PROBLEM TO WORK ON:
When a line in the material contains the word "Edinburgh", copy it.
------ DATA TO PROCESS
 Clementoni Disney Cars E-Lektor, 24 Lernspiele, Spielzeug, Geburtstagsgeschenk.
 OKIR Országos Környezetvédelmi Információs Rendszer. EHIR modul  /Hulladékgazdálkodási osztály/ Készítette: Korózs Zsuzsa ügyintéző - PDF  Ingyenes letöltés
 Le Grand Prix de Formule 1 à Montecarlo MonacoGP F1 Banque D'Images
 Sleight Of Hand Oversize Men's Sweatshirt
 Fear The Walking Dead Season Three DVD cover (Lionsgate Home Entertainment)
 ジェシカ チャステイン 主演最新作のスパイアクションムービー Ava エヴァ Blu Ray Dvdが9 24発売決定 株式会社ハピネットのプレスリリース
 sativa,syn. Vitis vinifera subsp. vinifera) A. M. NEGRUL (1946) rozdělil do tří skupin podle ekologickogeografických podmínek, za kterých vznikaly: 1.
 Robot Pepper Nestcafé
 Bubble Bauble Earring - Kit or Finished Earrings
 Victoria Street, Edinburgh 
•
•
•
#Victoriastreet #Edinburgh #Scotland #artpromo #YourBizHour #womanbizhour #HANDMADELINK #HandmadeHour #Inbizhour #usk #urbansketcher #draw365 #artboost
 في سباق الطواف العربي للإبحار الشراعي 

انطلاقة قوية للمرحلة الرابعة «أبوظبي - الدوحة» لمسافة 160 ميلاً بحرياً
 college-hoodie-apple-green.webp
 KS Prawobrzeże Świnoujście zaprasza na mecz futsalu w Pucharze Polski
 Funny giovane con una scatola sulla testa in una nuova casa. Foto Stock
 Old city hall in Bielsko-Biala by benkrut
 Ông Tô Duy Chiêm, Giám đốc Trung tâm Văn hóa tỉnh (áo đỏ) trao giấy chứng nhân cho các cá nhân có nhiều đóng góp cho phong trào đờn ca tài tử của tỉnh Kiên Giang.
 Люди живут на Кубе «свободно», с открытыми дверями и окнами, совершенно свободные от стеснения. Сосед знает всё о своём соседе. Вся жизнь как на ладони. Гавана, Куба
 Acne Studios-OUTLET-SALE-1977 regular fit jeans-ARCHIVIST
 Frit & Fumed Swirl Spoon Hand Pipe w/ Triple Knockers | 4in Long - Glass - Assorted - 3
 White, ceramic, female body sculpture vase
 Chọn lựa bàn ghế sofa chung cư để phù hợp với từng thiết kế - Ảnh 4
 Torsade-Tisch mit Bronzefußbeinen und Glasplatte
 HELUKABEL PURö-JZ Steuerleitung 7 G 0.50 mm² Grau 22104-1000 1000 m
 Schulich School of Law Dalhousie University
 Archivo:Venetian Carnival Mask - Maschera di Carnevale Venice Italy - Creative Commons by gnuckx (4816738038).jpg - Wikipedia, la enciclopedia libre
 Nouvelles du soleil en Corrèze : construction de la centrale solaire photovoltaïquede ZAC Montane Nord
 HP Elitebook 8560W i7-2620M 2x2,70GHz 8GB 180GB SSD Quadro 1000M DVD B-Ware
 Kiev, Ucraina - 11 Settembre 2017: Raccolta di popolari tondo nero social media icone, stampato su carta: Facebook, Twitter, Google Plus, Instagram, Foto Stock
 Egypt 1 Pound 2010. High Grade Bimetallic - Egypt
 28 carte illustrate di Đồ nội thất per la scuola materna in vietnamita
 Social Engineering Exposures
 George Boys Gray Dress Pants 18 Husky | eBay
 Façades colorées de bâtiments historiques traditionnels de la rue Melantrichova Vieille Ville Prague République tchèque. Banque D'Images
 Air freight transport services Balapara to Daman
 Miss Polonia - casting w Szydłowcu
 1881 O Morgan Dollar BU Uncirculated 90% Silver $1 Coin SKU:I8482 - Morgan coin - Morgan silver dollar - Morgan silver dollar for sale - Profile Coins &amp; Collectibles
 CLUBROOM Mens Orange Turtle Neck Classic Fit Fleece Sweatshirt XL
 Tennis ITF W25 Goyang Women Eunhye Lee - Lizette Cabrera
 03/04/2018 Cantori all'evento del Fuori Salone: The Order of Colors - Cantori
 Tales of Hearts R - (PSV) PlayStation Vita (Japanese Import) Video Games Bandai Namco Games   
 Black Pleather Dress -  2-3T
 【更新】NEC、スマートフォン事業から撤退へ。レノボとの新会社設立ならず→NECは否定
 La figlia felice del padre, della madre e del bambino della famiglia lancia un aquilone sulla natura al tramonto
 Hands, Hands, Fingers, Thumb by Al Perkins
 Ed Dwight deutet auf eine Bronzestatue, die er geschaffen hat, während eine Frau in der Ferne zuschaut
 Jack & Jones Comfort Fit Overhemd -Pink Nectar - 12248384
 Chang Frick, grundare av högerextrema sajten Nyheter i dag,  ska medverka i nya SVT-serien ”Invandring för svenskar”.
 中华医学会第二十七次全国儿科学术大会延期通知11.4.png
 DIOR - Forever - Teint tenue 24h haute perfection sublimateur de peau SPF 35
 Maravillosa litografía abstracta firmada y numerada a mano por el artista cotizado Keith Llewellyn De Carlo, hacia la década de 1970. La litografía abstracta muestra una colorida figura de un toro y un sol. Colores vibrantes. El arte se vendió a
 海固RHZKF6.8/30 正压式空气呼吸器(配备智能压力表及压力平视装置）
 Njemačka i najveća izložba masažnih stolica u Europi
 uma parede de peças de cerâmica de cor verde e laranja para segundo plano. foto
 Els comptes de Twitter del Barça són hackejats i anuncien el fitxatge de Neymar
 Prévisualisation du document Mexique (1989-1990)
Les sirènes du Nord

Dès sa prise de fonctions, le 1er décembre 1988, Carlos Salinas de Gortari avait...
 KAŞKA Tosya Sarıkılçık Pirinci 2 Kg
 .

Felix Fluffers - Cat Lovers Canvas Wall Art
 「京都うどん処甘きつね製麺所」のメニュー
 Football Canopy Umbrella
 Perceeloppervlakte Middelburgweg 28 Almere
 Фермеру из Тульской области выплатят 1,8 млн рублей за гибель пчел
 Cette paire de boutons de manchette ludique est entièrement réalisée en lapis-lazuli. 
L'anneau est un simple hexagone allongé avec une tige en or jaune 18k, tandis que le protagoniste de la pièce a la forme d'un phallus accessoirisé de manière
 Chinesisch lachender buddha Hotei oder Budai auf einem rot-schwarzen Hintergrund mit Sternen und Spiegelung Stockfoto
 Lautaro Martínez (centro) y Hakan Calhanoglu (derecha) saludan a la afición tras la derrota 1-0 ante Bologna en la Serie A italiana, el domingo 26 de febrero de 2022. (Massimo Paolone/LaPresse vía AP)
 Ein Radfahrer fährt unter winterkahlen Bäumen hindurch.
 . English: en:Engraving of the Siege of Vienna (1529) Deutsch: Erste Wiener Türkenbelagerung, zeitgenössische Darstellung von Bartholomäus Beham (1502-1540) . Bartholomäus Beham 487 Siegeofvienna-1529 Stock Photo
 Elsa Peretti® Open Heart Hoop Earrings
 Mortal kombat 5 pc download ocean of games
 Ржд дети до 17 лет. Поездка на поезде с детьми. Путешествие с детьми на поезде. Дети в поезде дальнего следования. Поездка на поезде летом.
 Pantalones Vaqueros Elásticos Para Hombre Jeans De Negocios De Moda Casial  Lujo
------------
SOLUTION FOR THIS TASK:
 Victoria Street, Edinburgh 
#Victoriastreet #Edinburgh #Scotland #artpromo #YourBizHour #womanbizhour #HANDMADELINK #HandmadeHour #Inbizhour #usk #urbansketcher #draw365 #artboost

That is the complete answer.